Basava Patil appeared for NGO Pravasi Bhalai Sangathan which has sought directions to curb leaders who make hate and derogatory speeches exploiting caste, religious, regional and ethnic identities of the people.

"You tell us where we can issue direction (where there is no statutory remedy). Even if we issue direction, how it can be enforced? Can such directions be issued?" Justice Chauhan asked Basava Patil.

"You give us a draft judgment that is enforceable in law. We will take it," Justice Chauhan told Patil and asked him: "You find out which is the offence that is not covered by Code of Criminal Procedure. We will request parliament to enact the law."

Asking the petitioner to go to parliament, the court said: "Unless we educate masses, nothing will happen. It is the same people who vote for them (leaders who make hate speeches)."

At the outset of the hearing, the court gave vent to its frustration with these kind of PILs when it told the Pravasi Bhalai Sangathan that it has reduced the highest court to a mockery.

"You have reduced entire system to a mockery. This is the highest court," Justice Chauhan observed admonishingly and pointed out: "You don`t give chance to common people... to (come to) the court. It is occupied by some people only."

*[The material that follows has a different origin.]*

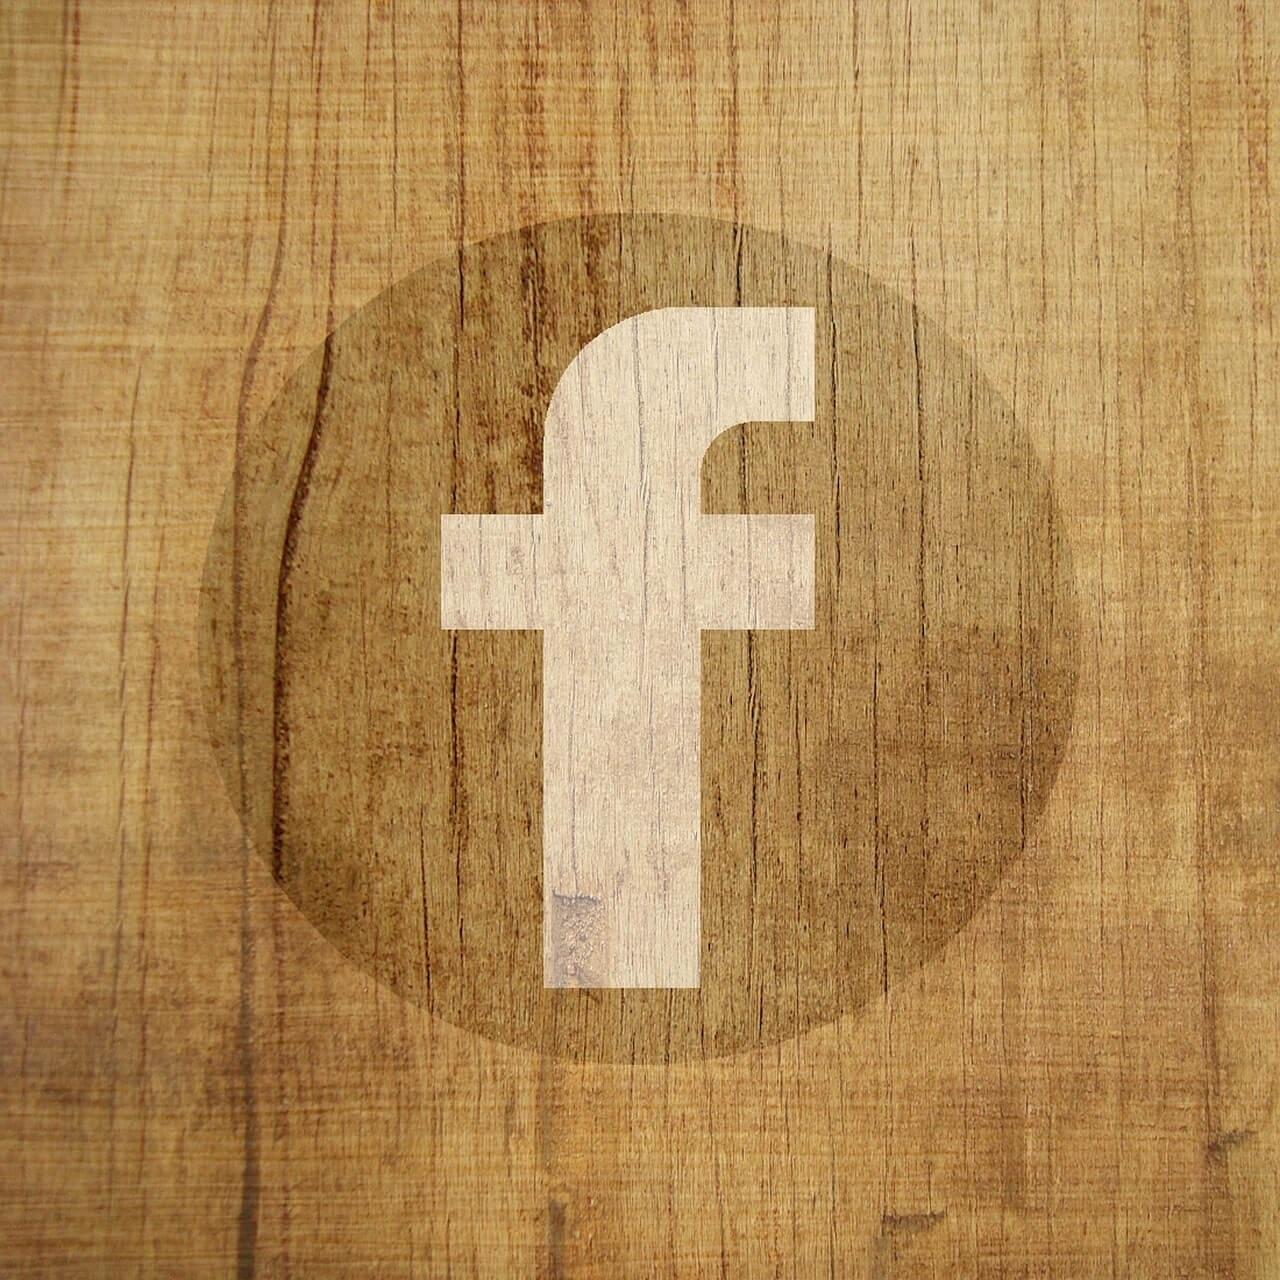 facebook-1811282_1280[1]

Pravasi Bhalai Sangathan in its petition contended that numerous hate and derogatory speeches made by the elected representatives, political and religious leaders on caste, religion, region and ethnic lines were violative of various Articles.

It said the Constitution`s Article 14 (Equality before law), Article 15 (Prohibition of discrimination on grounds of religion, race, caste or place of birth), Article 16 (Equality in matter of public appointments), Article 19 (Protection of certain rights regarding freedom of speech), and Article 21 (Protection of life and liberty) read with the Directive Principles of State Policy were being violated.

It referred to the hate speeches by Maharashtra Navnirman Sena chief Raj Thackeray, Majlis-e-Ittehadul Muslimeen leader Akbaruddin Owaisi, and Vishwa indu Parishad`s international working president Praveen Togadia.

The NGO`s PIL said that the utterances of these leaders were destroying the fabtric of democracy, unity and integrity of the country.

"It is very important to have guidelines to curb hate speeches as they are targeted against the citizens, particularly the migrant workers," it said.

The NGO has urged the court to declare that "fraternity" in the preamble of the Constitution formed the part of the basic structure of the statute.